Site iconPoliteknik – Halkın Mühendisleri Mimarları Şehir Plancıları

Ulaşımda harekete geçirecek sorular – İrfan Batur


Son zamanların en dikkat çekici haberlerinden birisi şüphesiz İDO’nun İstanbul’da iç hat seferlerini durduracağı haberiydi. Haber kamuoyundan pek çok tepki aldı. Ancak bunlar çoğunlukla “özelleştirme” bağlamıyla sınırlı kaldı. İstanbul’un bir metropol olarak işlevini yerine getirmede her geçen gün daha da yetersiz hâle geldiği herkesin malumuyken, binlerce insanın kullandığı bu hatların ansızın iptal edilmesini özelleştirme bahsi ile sınırlamak milyonlarca kentliye haksızlık olacaktır. Aksine mevzunun geniş çaplı ve bütüncül bir nazarla incelenmesi gerekmektedir.

Öncelikle, habere dair bildiklerimizi kısaca özetlemekte yarar var. İstanbul Büyükşehir Belediyesi bünyesinde 1987 yılında kurulan İDO zaman içerisinde İstanbul’da şehir içi ve şehirler arası ulaşımın önemli unsurlarından biri haline gelmişti. Öyle ki, İDO 2011 yılında TASS (Tepe-Akfen-Souter-Sera) ortak girişim grubuna devredildiğinde bu özelleştirmenin iki taraf için de hayli kârlı olduğu o dönem sıkılıkla dile getirilmişti.
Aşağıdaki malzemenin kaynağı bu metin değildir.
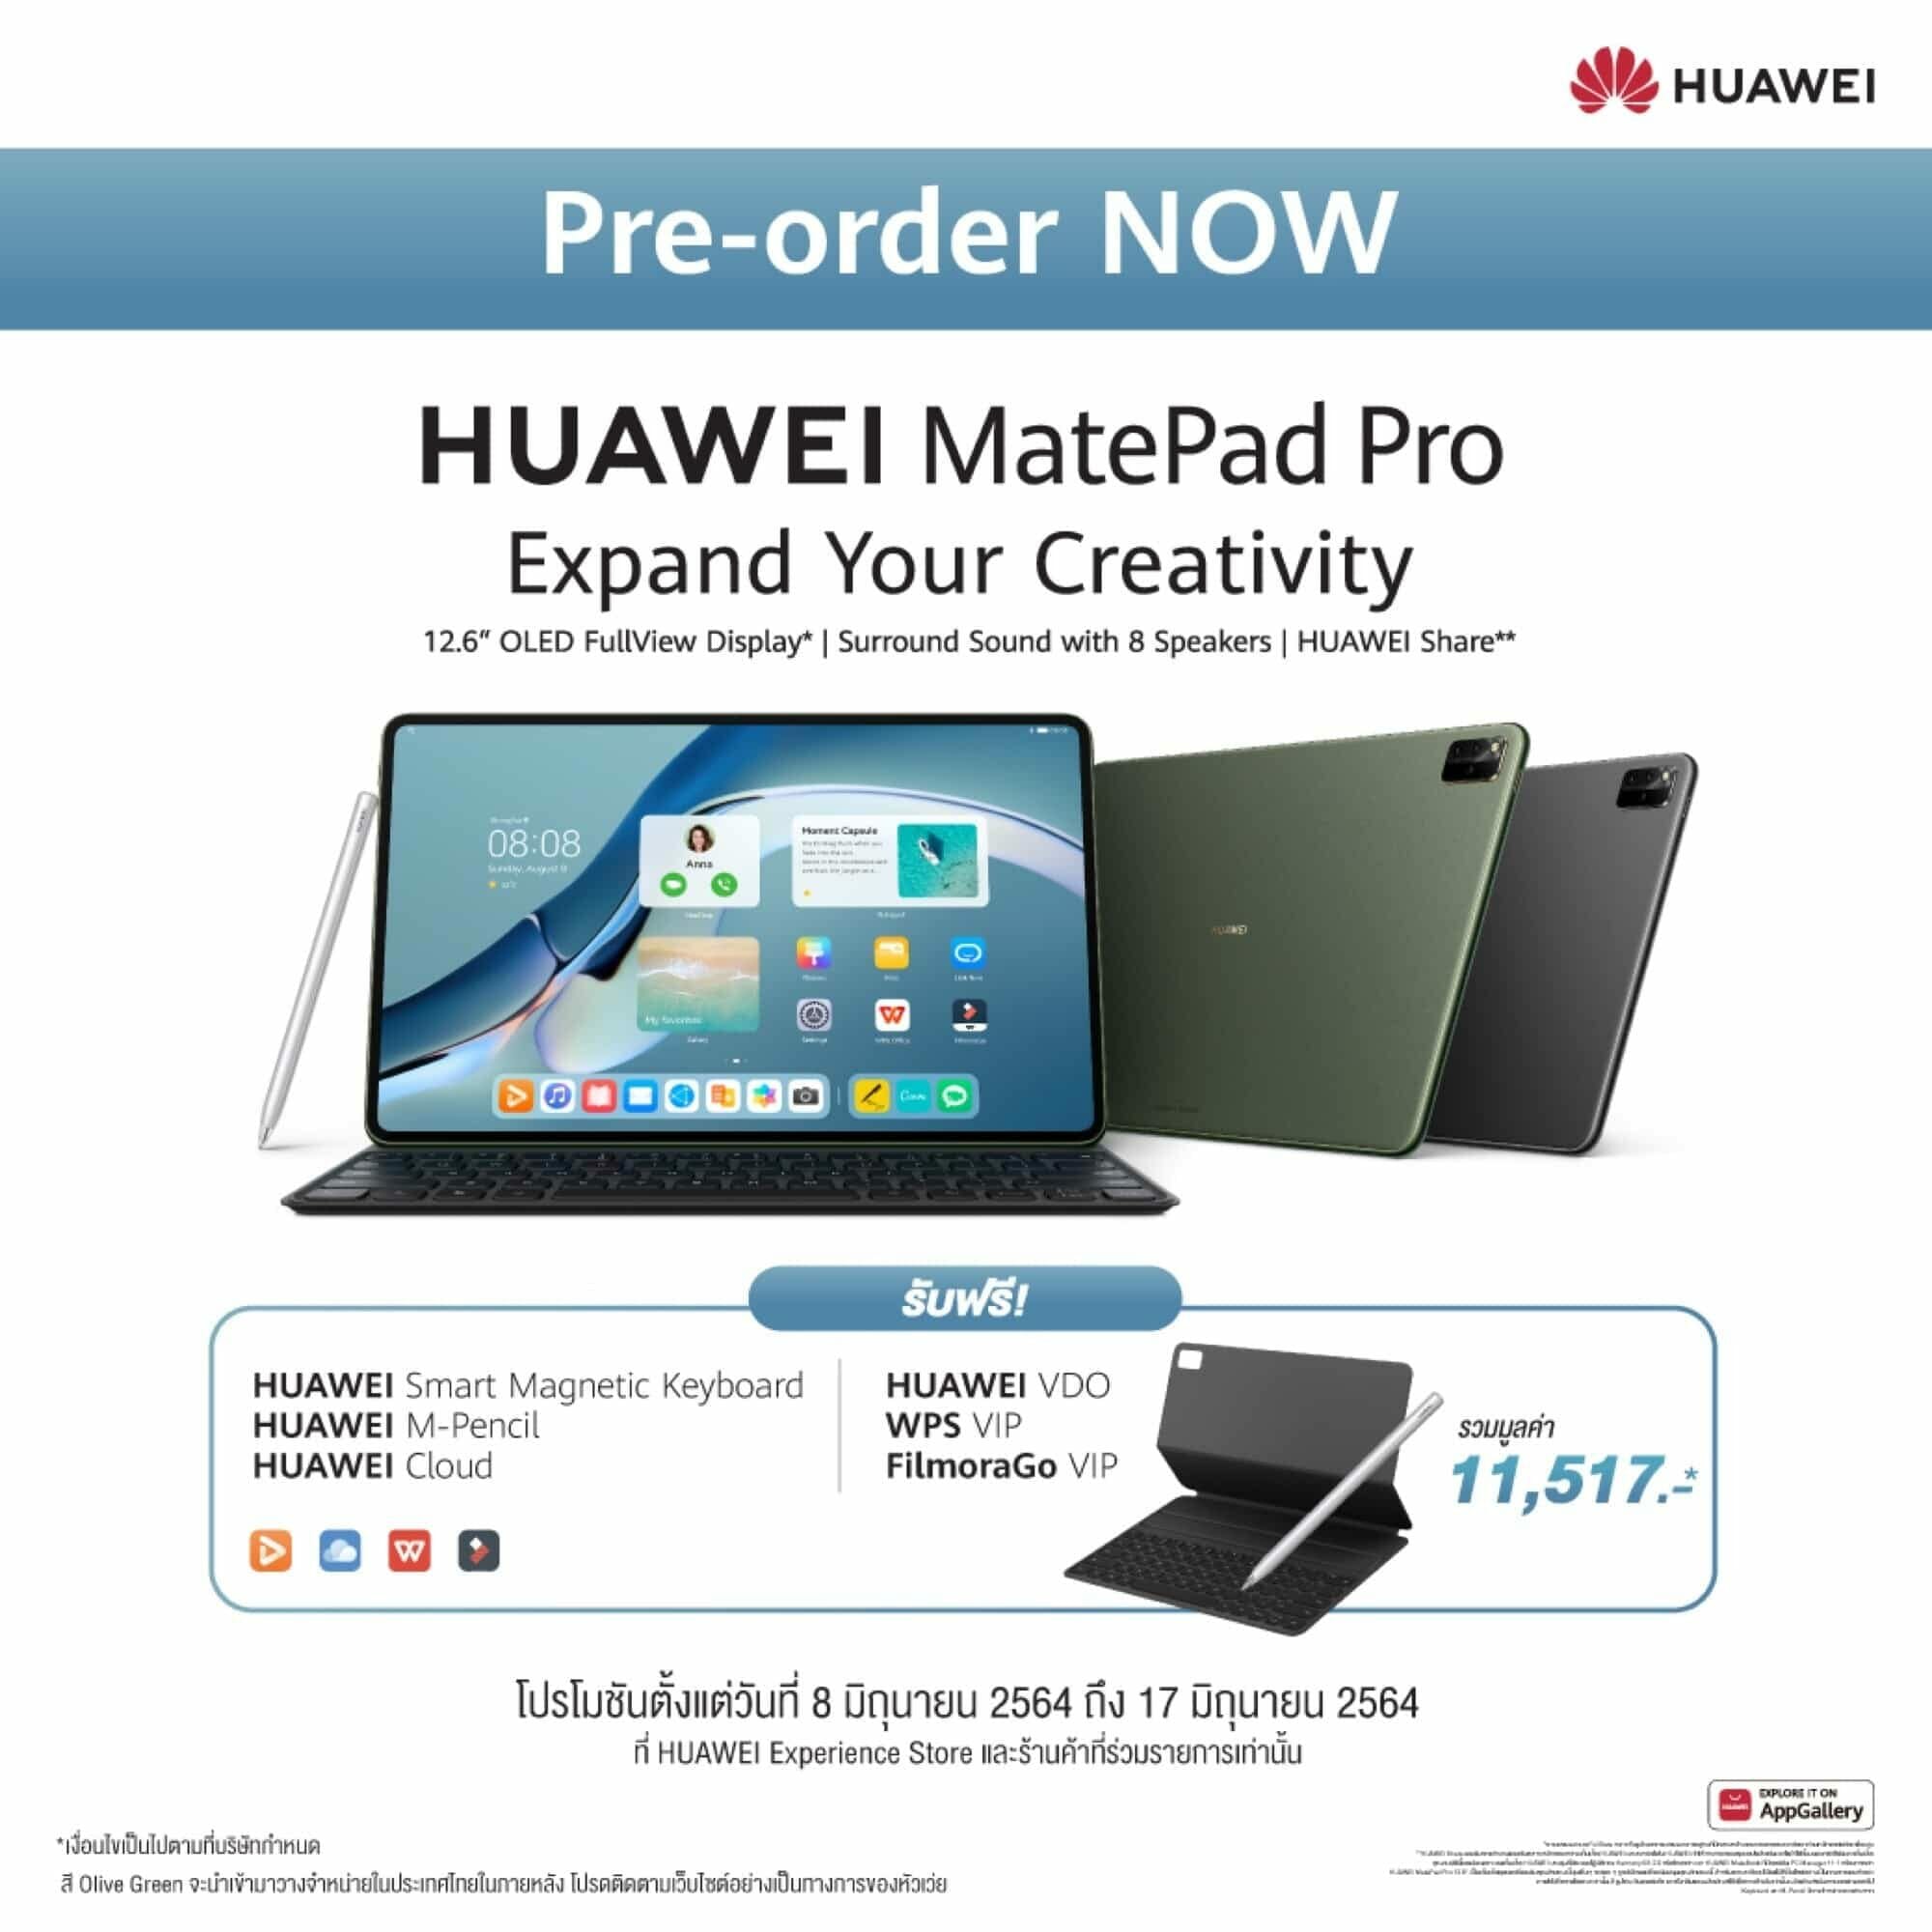 รวมจุดเด่น HUAWEI MatePad Pro 12.6-inch แท็บเล็ตพรีเมียมเพื่อการทำงานระดับโปรและความบันเทิง 13

Ne var ki gelinen noktada işlerin pek de beklenildiği gibi gitmediği ortaya çıktı. Firma “kârlılığın düşmesi” sebebiyle bazı hatlarda seferlerini durduracağını açıklarken mevcut duruma nasıl gelindiğini ise kamuoyuna yaptığı açıklamada detaylarıyla izah etti.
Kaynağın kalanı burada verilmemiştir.